Regency Specialists in the Antiques Trade
Regency Period Furniture: 1800 – 1830
Furniture styles often bear the name of the historical periods in which they occur. For English furniture, this usually means naming a style after the king or queen on the throne at the time. With the Regency period of furniture, the naming convention only partially applies and reveals the complicated political atmosphere of England at the time.
In 1811, George, the Prince of Wales, assumed rule of the country, not as king, but rather as an acting monarch while his father, George III, suffered a long bout of mental illness. His official title during this time was Regent, hence the name Regency Period. Prince George held the position for nine years until his father died, leaving him the throne. Officially known as King George IV, from his coronation in 1820 until his death in 1830, his rule marked both the time period for the Regency style, but also helped to influence the aesthetics through his preferences and commissioned projects. The Regency period stands out because the true influence of the Prince as a tastemaker was unparalleled in recent history in England. Not only did his influence extend to home decor, decorative objects, furniture, and architecture, but he also influenced new social innovations that changed the day-to-day lives of the English nobility: for example, no longer did the aristocracy dine at 3pm, but closer to 7pm.
Unlike prior periods, borrowing elements from Roman and Greek furniture, designers of the Regency period often tried to recreate the actual furniture pieces found in the museums, vaults, and artwork of the time. The introduction of Egyptian artifacts also sparked a desire to bring those elements into the Regency period style. Thematic motifs of ancient gods, sphinxes, lions, and griffins ornamented many pieces. Other Neoclassical figures like animal heads, lyres, and acanthus leaves were influenced by discoveries in Italy and Greece. Additionally, a revival of Eastern influence from China and Japan inspired the use of bamboo, wood carved to resemble bamboo, and lacquered finishes.
So furniture and architectural designs during the Regency Era were heavily influenced by the expeditions and archaeological discoveries of the time. For much of the British population, this was their first exposure to the styles of other cultures. The Regency Era coincided with Napoleon Bonaparte’s reign over France, a period known as the Napoleonic Era, which saw nearly constant military conflict across Europe so any influence on Regency style in England was not going to be French.
While all these cultural and historic influences helped determine the furniture of the Regency period, the style itself used ornamentation for its elegance, rather than rich carvings and curved lines exhibited in earlier periods of furniture design. The woodworking of the pieces generally exhibited plain lines and surfaces with slender legs and right angles. In many ways, this helped highlight the ornamentation by providing a simplistic background to avoid distraction.

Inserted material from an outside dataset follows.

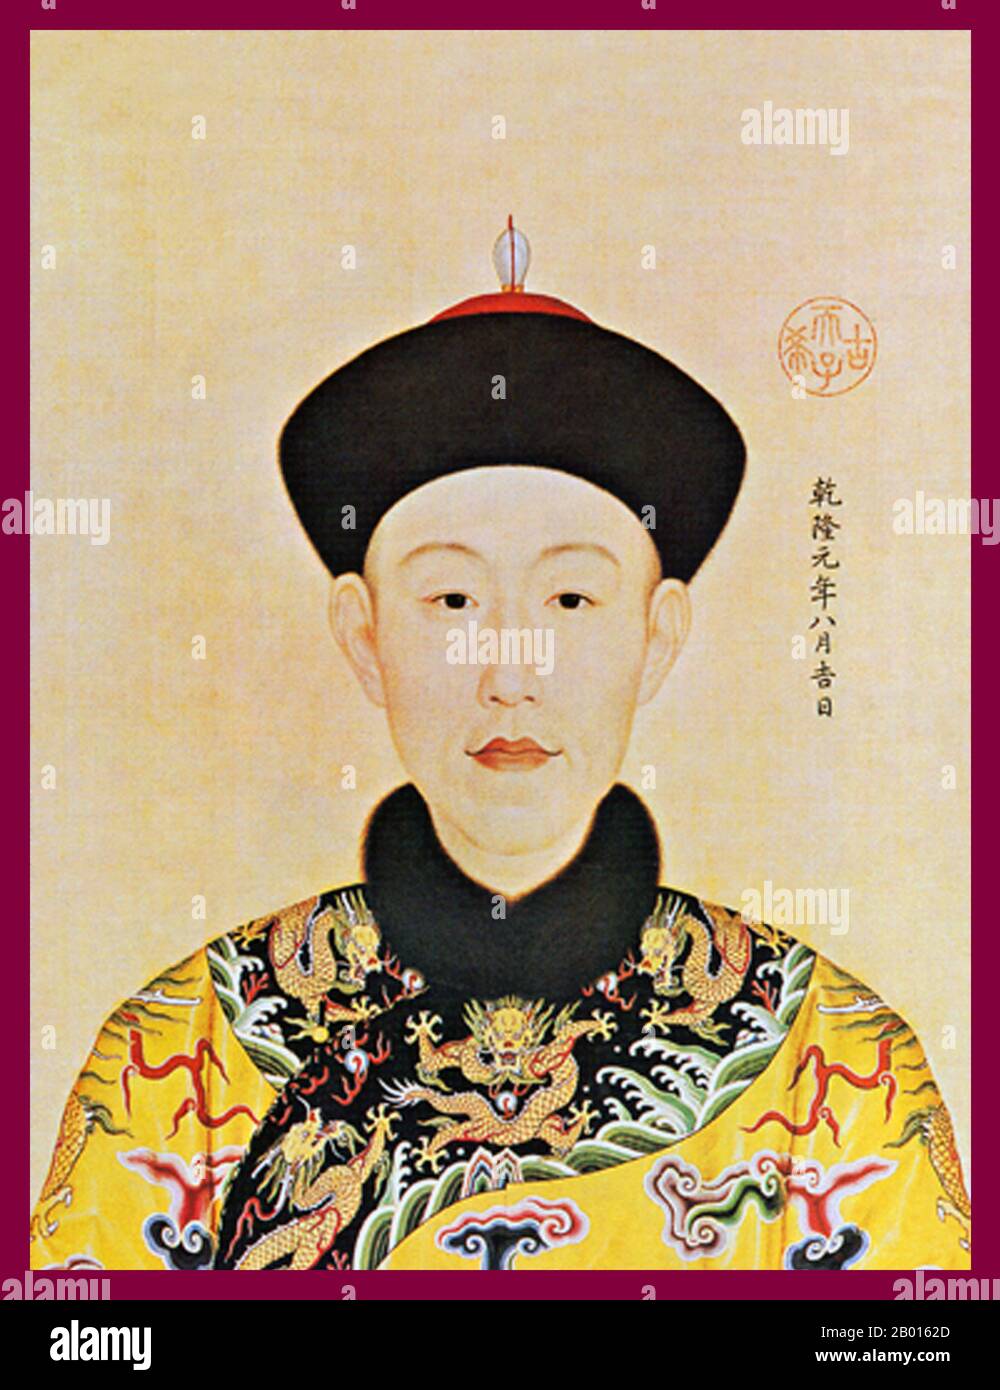 China: The Qianlong Emperor (25 September 1711 - 7 February 1799), during the first year of his reign. Handscroll painting by Giuseppe Castiglione (1688-1766), 1736.  The Qianlong Emperor (25 September 1711 - 7 February 1799), born Hongli and temple name Gaozong, was the fifth emperor of the Qing Dynasty. The fourth son of the Yongzheng Emperor, he reigned officially from 1735 to 1796, before abdicating in favor of his son, the Jiaqing Emperor - a filial act to not rule longer than his grandfather, the Kangxi Emperor. Despite his retirement, he retained ultimate power until his death. Stock Photo

Additionally, the size of furniture pieces changed with this period. Rather than the tall shelves of the past, cabinets and shelving units shrank in height to allow decorators to ornament the walls with paintings. The lower height of furniture also allowed for more display space to feature curios and treasures.
The components of Regency period furniture include the selection of wood and the use of metals for accents. Mahogany remained the dominant wood for furniture design, while exotic wood like ebony was featured in many high-end pieces. Additionally, veneers of rosewood and zebrawood added visually striking surfaces or features to the clean lines of the style.
The addition of metal accents, however, gave Regency period furniture its ornate elegance. Furniture makers primarily used brass, while occasionally including bronze or ormolu, an imitation gold. Brass inlays, accents along corners and legs, handles, and hinges, were popular. Brass rosettes or lions’ heads to hold rings on cabinet doors and drawers decorated many pieces, while the bases of furniture legs were often animal feet made of brass. Glass insets on cabinet doors would also be covered and protected by brass grills in lattice patterns or scrollwork designs.
The preferences of the Regent, Prince George of Wales, played a hand in guiding the style, particularly through his commissions for the Royal Pavilion. The designers who distinguished themselves at this time included Henry Holland, George Smith, Thomas Sheraton, John Nash, and Thomas Hope.
The Prince Regent himself favoured Asian influences, and court architect John Nash designed the Royal Pavilion in Brighton for him in the Indo-Saracenic style. Nash also designed Marble Arch, and Buckingham Palace. Neoclassical and picturesque themes were characteristic of his work.
Additionally, architect and designer Thomas Hope published his book Household Furniture and Decoration in 1807, which was the first to use the term ‘interior decoration’. Hope’s extensive travels (including the Grand Tour) heavily influenced his aesthetic, which juxtaposed the ancient with the modern. Hope advocated the use of top-quality materials, and his designs included copious use of ornamentation for a luxurious effect.